Three-month copper on the London Metal Exchange fell for a third day, by as much as 0.7 percent, to $9,514 a metric ton, and traded at $9,541.75 at 10:51 a.m. in Singapore. The contract tumbled 2.3 percent yesterday, the most in a month. All six LME metals declined, paced by a 1.1 percent drop in lead.
"Metals are being dragged lower by the risk aversion seen in the other financial markets,” said Li Peiying, an analyst at Essence Futures Co. "With the oil price suddenly jumping, the issue of inflation is once again brought to the fore.”
May-delivery copper on the Shanghai Futures Exchange lost as much as 2.4 percent, the most since Jan. 7, to 71,800 yuan ($10,908) a ton. Futures in New York fell as much as 0.7 percent to $4.3320 a pound.
Oil traded near highest level in more than two years, as violence intensified in Libya, raising concern that supplies will be disrupted as turmoil spreads through the Middle East and North Africa.
"If high oil prices persist, governments around the world may be more friendly towards raising interest rates,” said Zhang Xuechuan, an analyst at Huachuang Securities Co. "It’s the excess of liquidity that drove the recent rally in copper -- prices could still go higher even after China raised interest rates because monetary policy in the U.S. remains loose.”
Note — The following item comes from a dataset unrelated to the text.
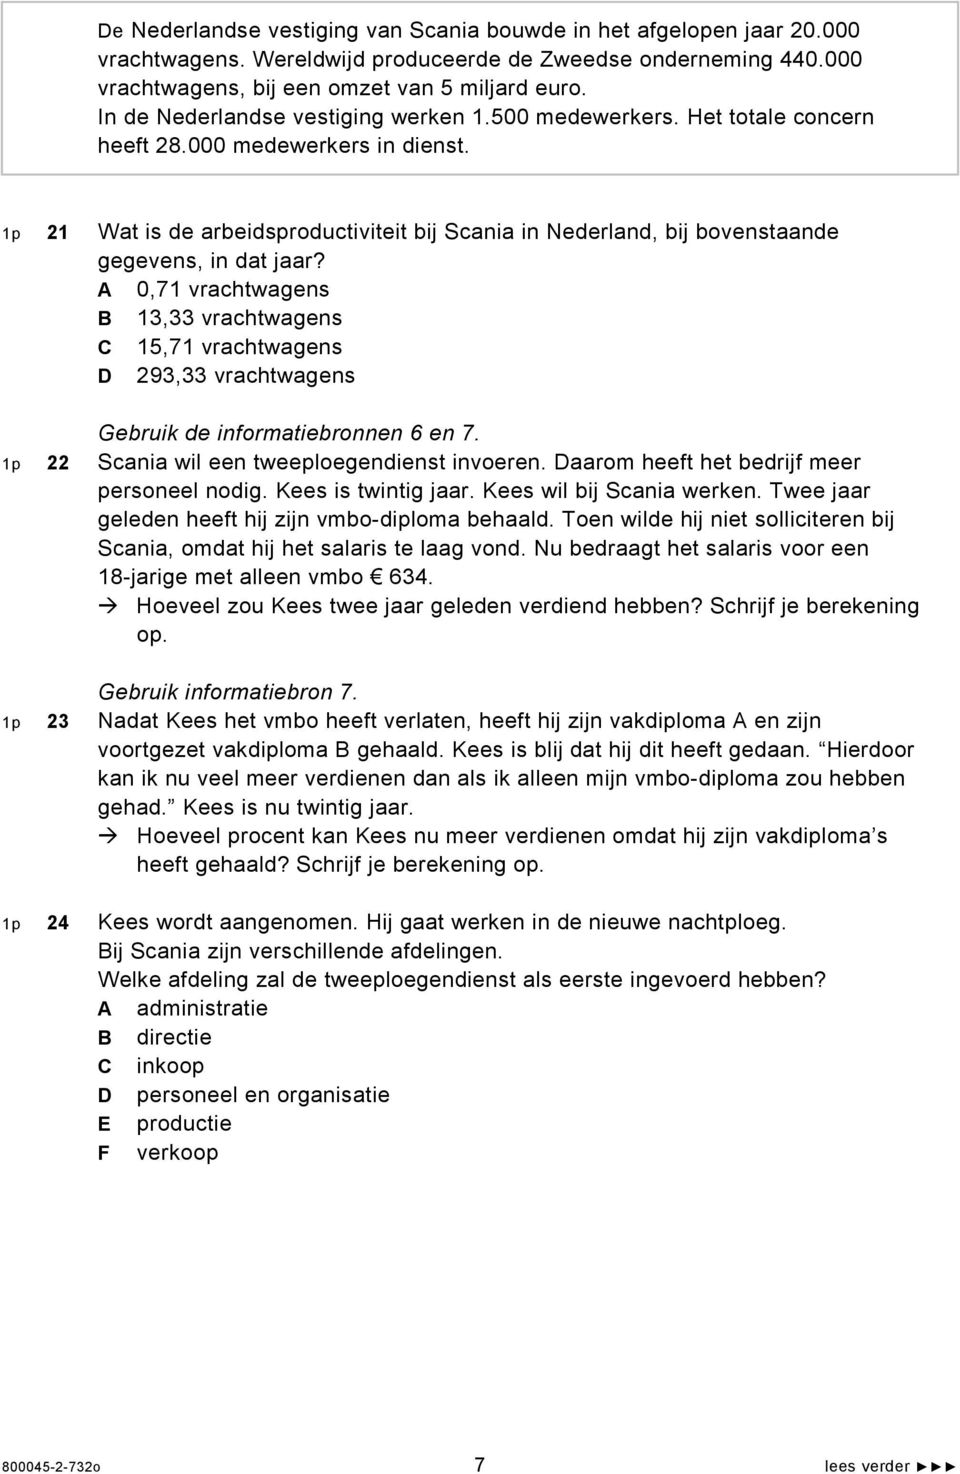 1p 21 Wat is de arbeidsproductiviteit bij Scania in Nederland, bij bovenstaande gegevens, in dat jaar?

China’s central bank on Feb. 18 announced an increase in reserve requirement ratios for a second time this year, 10 days after it raised interest rates for a third time in four months. The U.S. Federal Reserve has left its key rate at zero to 0.25 percent since December to support the economy.
Lead in London fell 1.1 percent to $2,538 a ton, zinc shed 1 percent to $2,464 a ton, and nickel decreased 0.5 percent to $28,500 a ton. Tin dropped 0.8 percent to $31,400 a ton, and aluminum was little changed at $2,525 a ton.